I do a lot of cold weather starts with diesels and here is what we do to try and make it easier and less frustrating-
-Ridgid maintenance schedule (most important)
-AC block heaters on everything
-NO ETHER! (I dont spray anything else in either)It does more engine damage than
you think.If it has to be used I am the one who uses it.
-I have an Espar on my truck and I wish I could afford one on everything
-For remote starts I have a propane fired coolant heater-will start my 105 hp
perkins in 20-30 min @ -20F (the best heater I have)
-Trailered equipment gets the block heater plugged into an inverter from truck
-I run straight #2 w/ power service down to -15F then blend
-We can always get the engines started but below -20F other things start to break
so it's not always worth it
-Tarp the engine-helps keep heat in when preheating
Warm starts are easier on the starter,engine,me and keep the CW numbers low.
Everyone has their own tricks this is just what works for me-hope it helps
Bill


----------



## Tom Dunlap (Nov 1, 2005)

When I couldn't plug in my chipper overnight I would make arrangements with the client on the first job to be able to get access to an outlet. When we got to the job I would plug in the block heaters. Besides the coolant jacket heater I had a couple of magnetic heaters. One would go onto the battery box. 

If things were really nasty I would use my kerosene salamander heater, SH, with some duct work. The outlet on the SH was 7" dia so I had a 7" to 6" dia reducer which went into a 6" 90 degree el. I had a four foot long piece of rectangular duct work with both ends plugged. A couple of inches from each end of the long side of the duct I cut holes large enough to slip 6" round duct. The heater el went in one end and the other was positioned under the chipper. A carefully draped tarp kept more of the heat on the engine. In no time the engine was as warm as summer.


----------



## jimbo1490 (Nov 7, 2005)

I read all of the replies and did not see this mentioned. Cranking speed is very critical to starting modern diesels, especially in cold weather. If the engine lubricating oil is too thick, as it might be in winter, cranking speeds can get too slow for easy starting. Try switching to an oil with as little viscosity as the manufacturer allows, like 10W- or evn 5W- if they allow it.

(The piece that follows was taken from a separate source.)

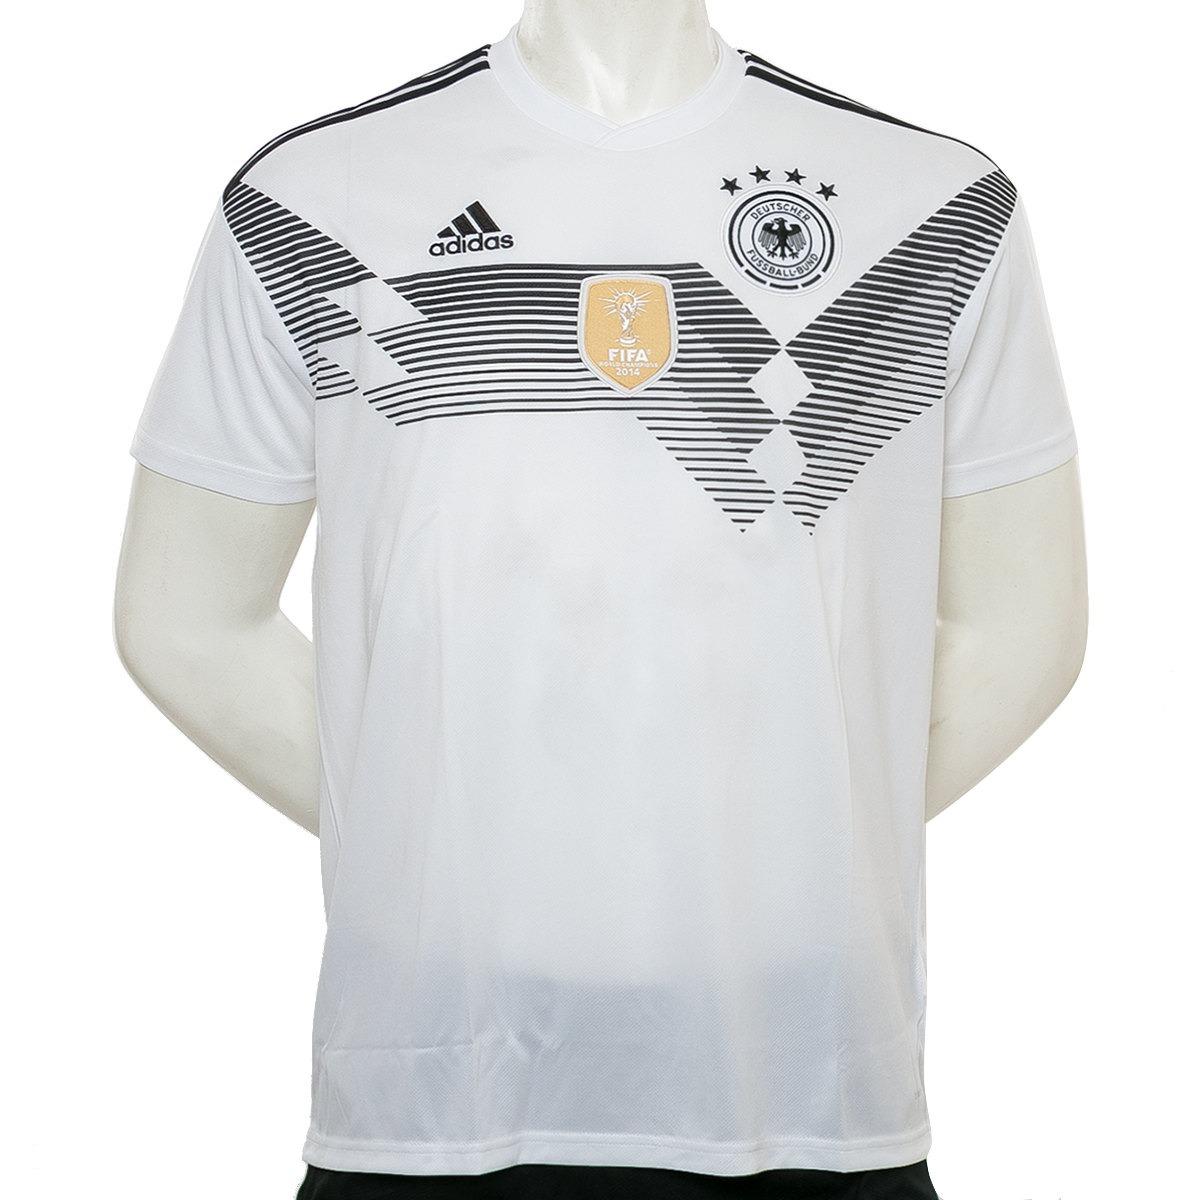 4b1b030463cc1 camiseta alemania dfb home adidas adidas tienda oficial. Cargando zoom.
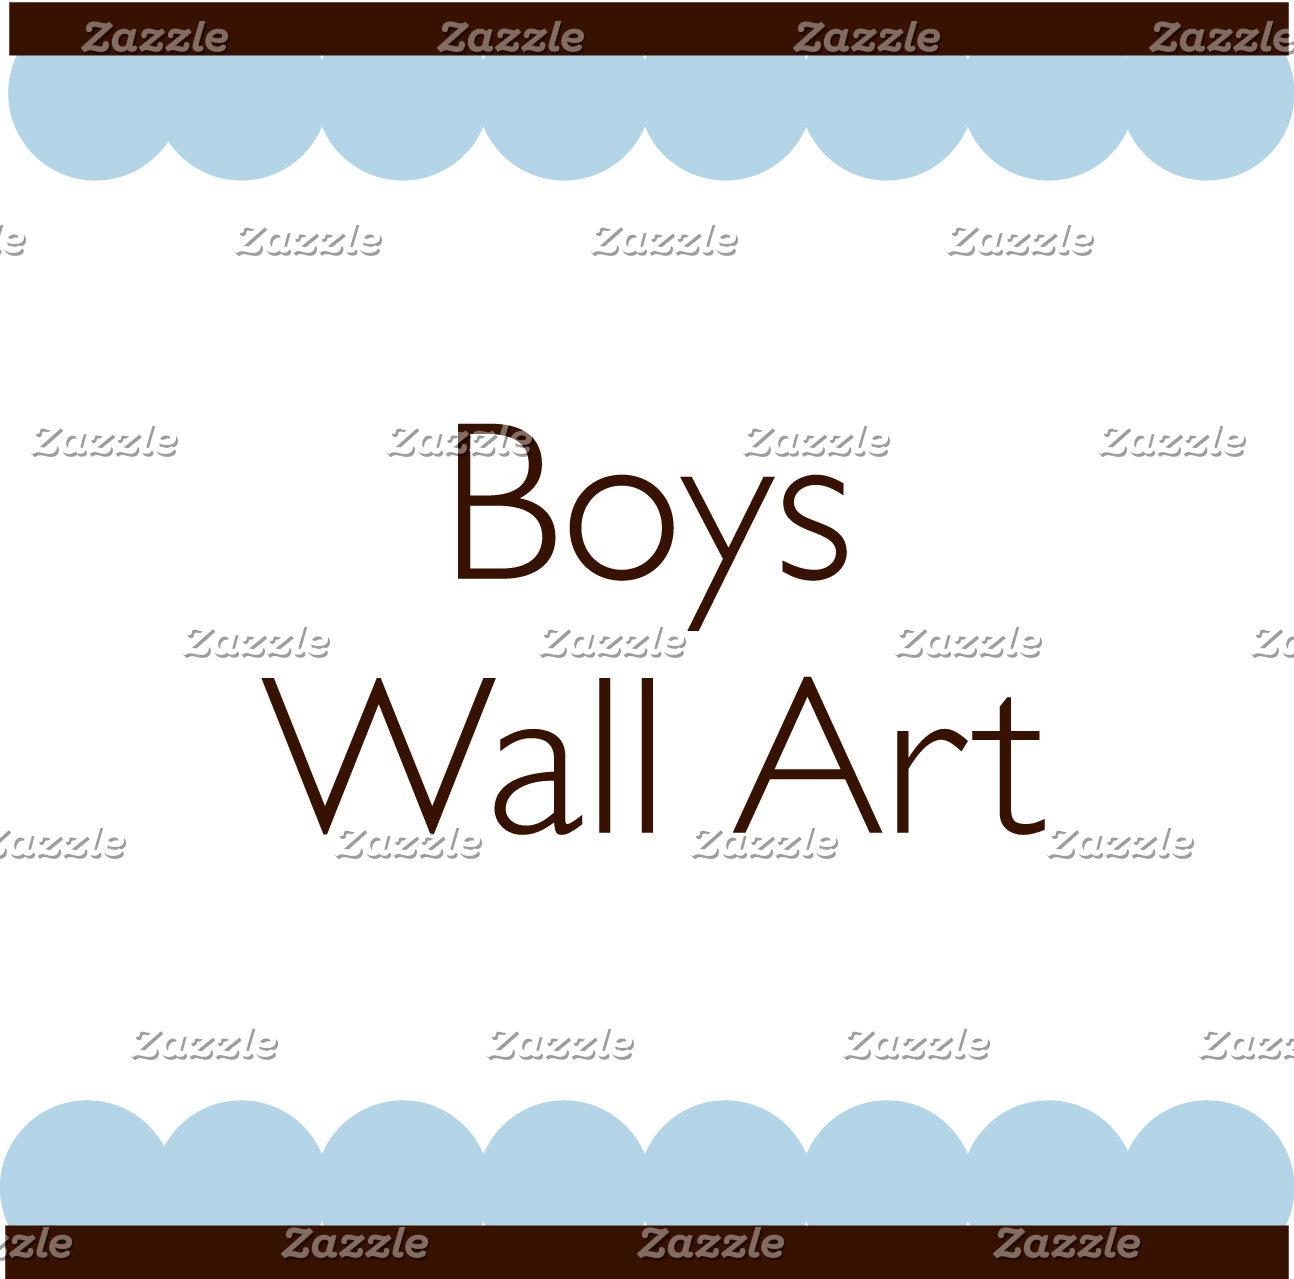 Wall Art for Boys

Every little bit helps!

Jimbo


----------



## TreeJunkie (Nov 11, 2005)

I'm thinking of using a power inverter to run the block heater. Hook it up on the drive to the job. Let it run as long as needed. 

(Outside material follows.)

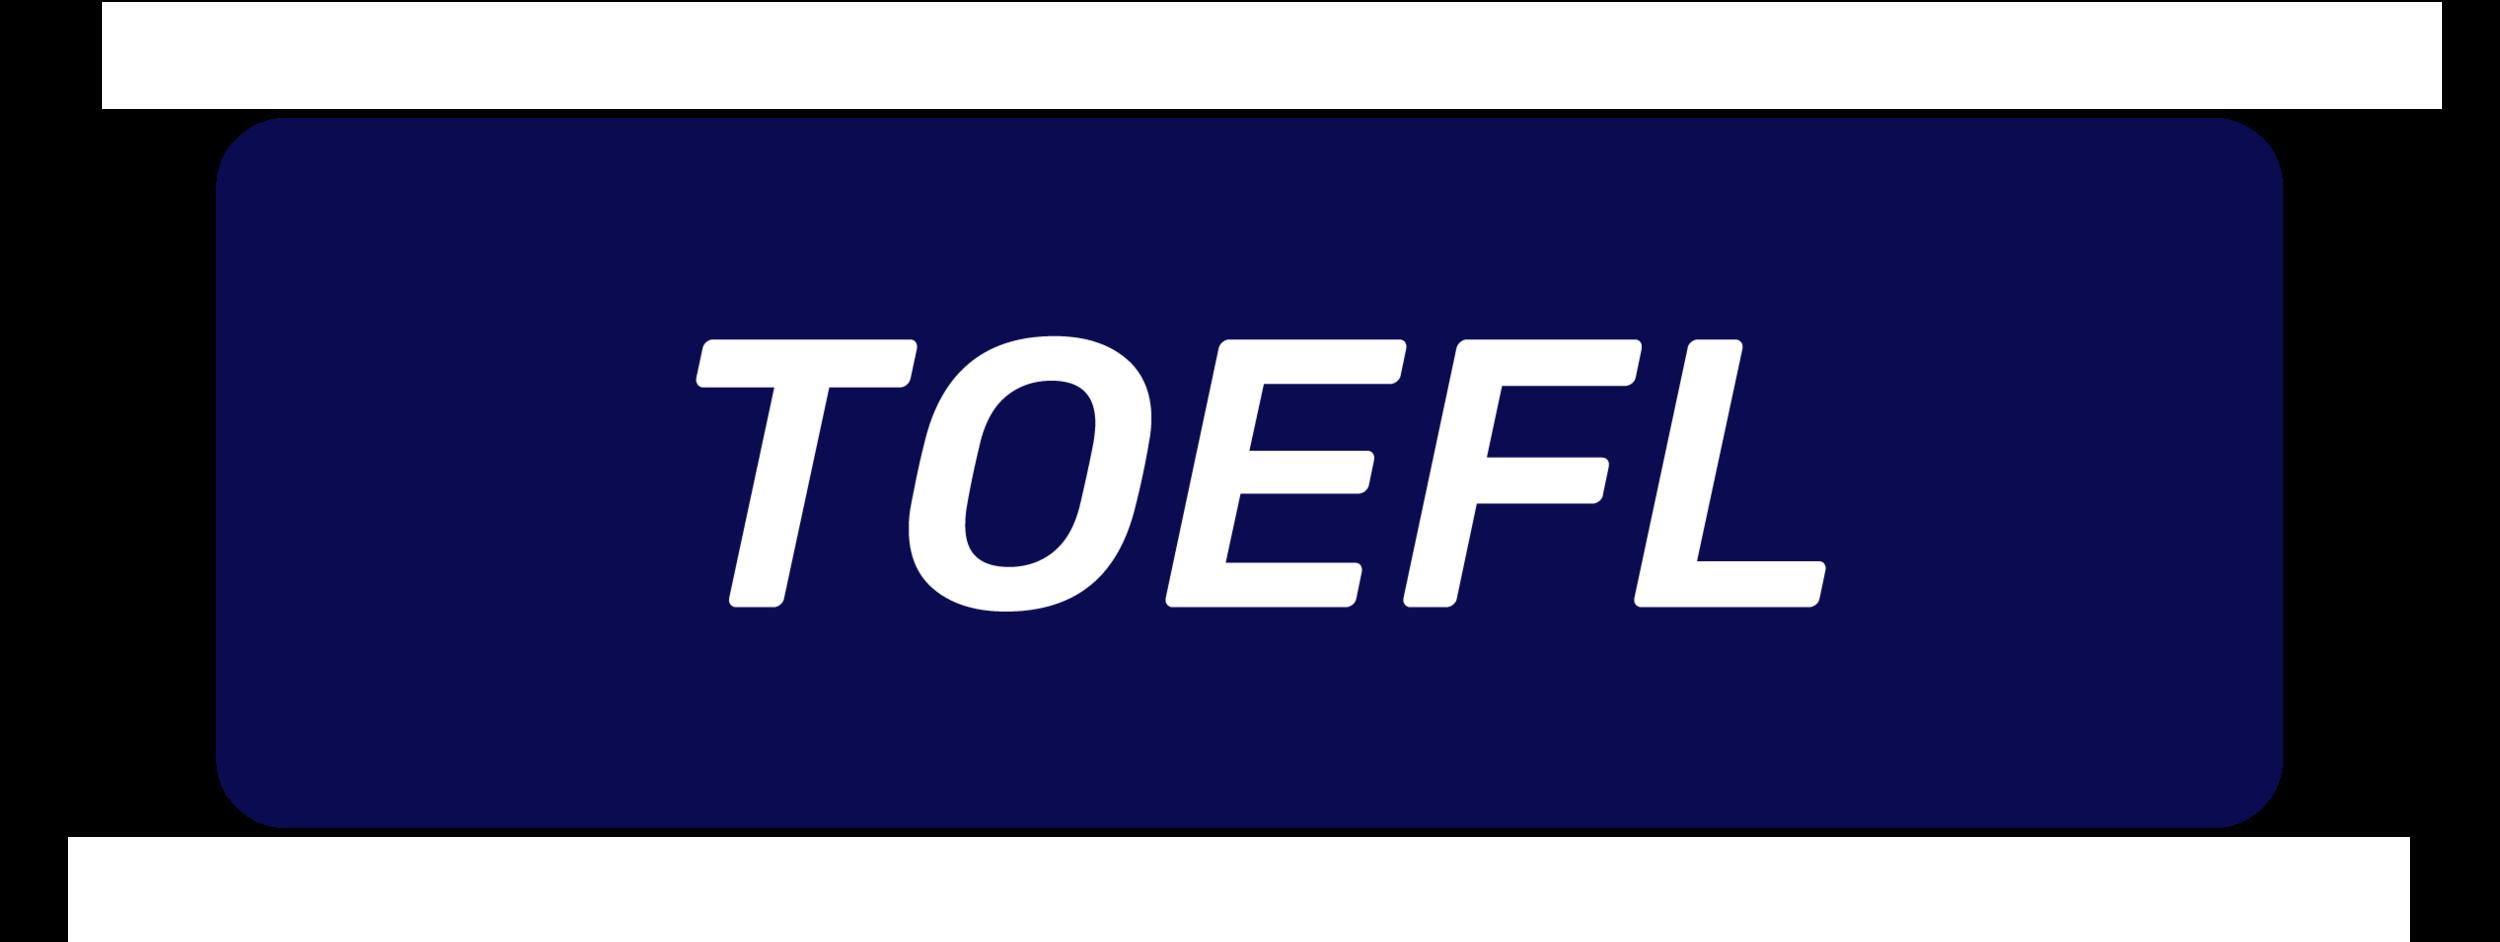 TOEFL-01.png

Anyone have an idea of how large of an inverter i would need to do this? How many continuous watts will the block heater require??? That should tell me how large i need to purchase.


----------



## Redbull (Dec 10, 2005)

I wanted to bump this thread because i experienced problems starting my gas powered chipper when the temps hit single digits this week. It would fire but didn't want to stay running. I went to Home Depot and bought a heater that you attach to your BBQ propane tank. Puts out 15,000 BTU's/hr and only cost $40. I directed it at the oil pan for 15 min and it started right up. The nice thing about this is that you can take it with you to the jobsite and it serves more than one function. It worked wonders for me so I wanted to share my experience.


----------



## Patrick62 (Dec 11, 2005)

TreeJunkie said:


> I'm thinking of using a power inverter to run the block heater. Hook it up on the drive to the job. Let it run as long as needed.
> 
> Anyone have an idea of how large of an inverter i would need to do this? How many continuous watts will the block heater require??? That should tell me how large i need to purchase.



The only issue I see is the source of the power. Size of your battery, and more importantly the size of your alternator. I have seen engine heaters in more sane sizes (less than 500 watts), and the more potent (1000? watts).

If it is that cold outside, I am willing to bet that the starting battery in the truck is cold as well. Which reduces it's capacity considerably. This is why the size of the alternator is important.

watts divided by volts gives amperage.

Even the little one (500 watt) will use 41 amps off the truck battery.
Double that for the kilowatt model. then add 25% to keep the battery charged. If you actually have a 100 plus amp alternator, go for it.

-pat


----------



## kf_tree (Dec 11, 2005)

has any one ever heard of useing anti freeze to start a diesel moter....?

long story, but one of our trucks ran out of fuel and the mechanic poured a little antifreeze into the moter and she fired right up. it was a duramax moter and did not have a primer bulb on it.


----------



## Crofter (Dec 11, 2005)

Be awfully cautious about letting flame get sucked into the intake uless you can get in behind the air cleaner element. I know of one where the paper elements were burned up with that trick and I assume that all the dirt collected previously went through the motor. I do have a David brown tractor with a manifold heater that squirts and burns diesel directly in the manifold to heat the air but it is between the air cleaner and the engine.
I think the cheapest engine heater for powerless locations is the propane fired inline heater.


----------



## BlueRidgeMark (Dec 11, 2005)

Patrick62 said:


> watts divided by volts gives amperage.
> 
> Even the little one (500 watt) will use 41 amps off the truck battery.
> Double that for the kilowatt model. then add 25% to keep the battery charged. If you actually have a 100 plus amp alternator, go for it.
> ...




Don't forget to use adequate wiring. You'll need at least a 10 guage wire for the 500 watt model, and if your length is much more than 10 feet, you probably ought to go up to 8 guage.

Handy reference: http://www.powerstream.com/Wire_Size.htm


----------



## PWB (Dec 12, 2005)

Another thought, how's the injectors? I had a problem the last week or two with the wife's car (VW diesel). Wouldn't start below freezing without being plugged in, was good to at least -25 c last winter. Pulled injectors, compression test was good, (425 lbs on all four, calls for at least 400) changed 1 bad glow plug and dropped in a spare set of injectors that I had checked out at the local diesel shop. Started at -10 c this morning no problem.. Car ran okay with 50 mpg. Sounds different now though......


----------



## GlennG (Dec 13, 2005)

TreeJunkie this won`t help you since you have no ac at your jobsite but maybe it will benefit some lurkers. I have a Vermmer 935 with a Duetz air/oil cooled diesel. It has no glow plugs and starting in the cold is about imposible. I use a hairdryer, blow it right into the intake and it starts up. I let the engine idle to the first job of the day usually 10 miles or less. From then on it starts with no problem. I know 2 other guys using this engine and they all say hard starting is common for a Duetz in the cold. Ya think Duetz would learn....Duetz tanks had cold weather problems in WWII

Glenn


----------